Data provided –
________
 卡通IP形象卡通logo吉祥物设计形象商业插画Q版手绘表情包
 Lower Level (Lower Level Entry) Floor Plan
________
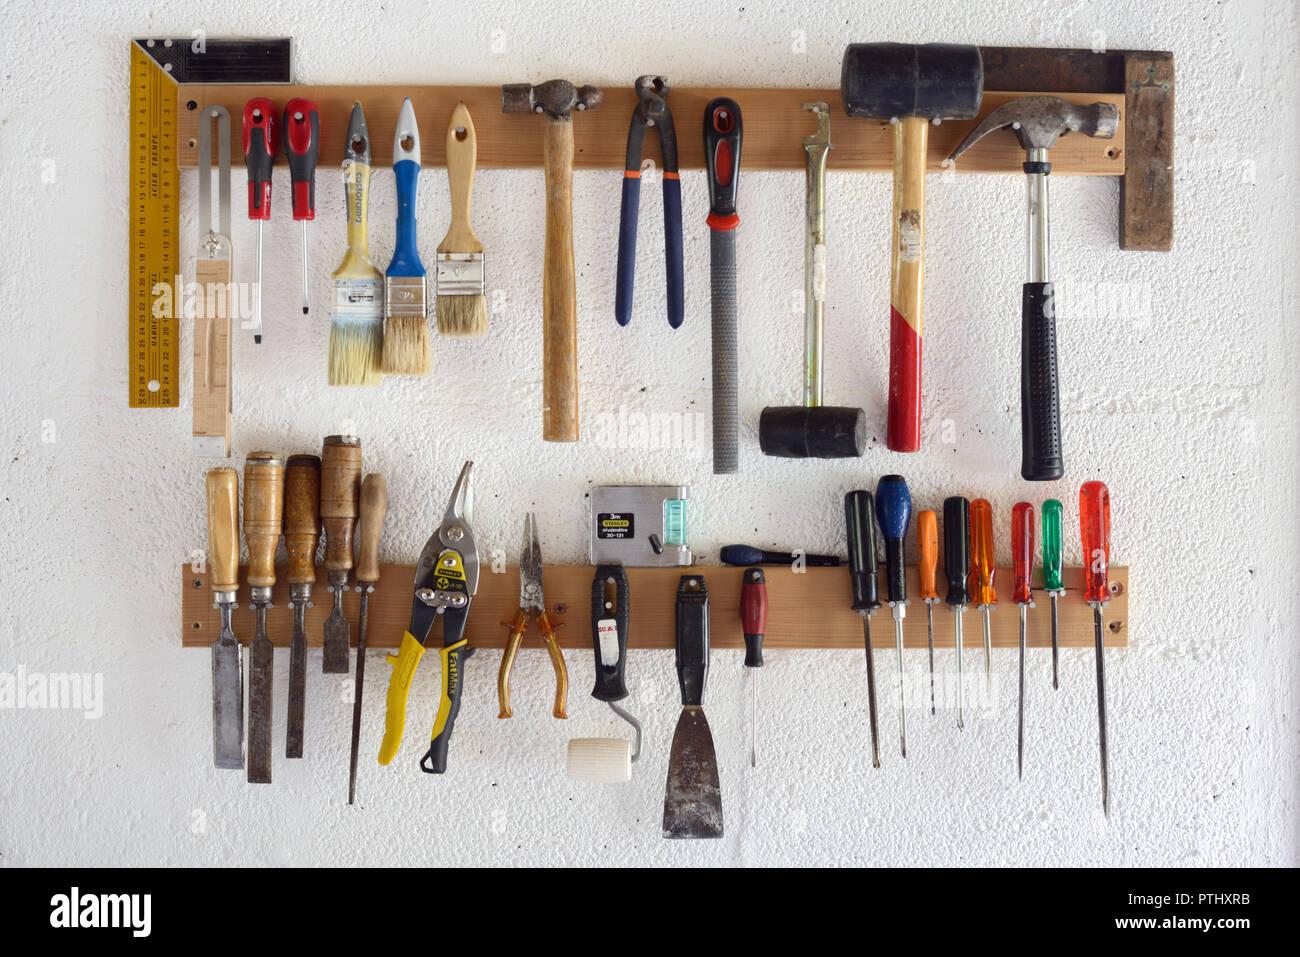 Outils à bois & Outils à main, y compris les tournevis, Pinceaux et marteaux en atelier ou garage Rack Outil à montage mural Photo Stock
________
Exercise goal – Looking back over the data above, restate word for word the lines that begin at the line with "卡通IP形象卡通logo吉祥物设计形象商业插画Q版手绘表情包" and end at the line with "Lower Level (Lower Level Entry) Floor Plan", inclusive.

Task result –
 卡通IP形象卡通logo吉祥物设计形象商业插画Q版手绘表情包
 Lower Level (Lower Level Entry) Floor Plan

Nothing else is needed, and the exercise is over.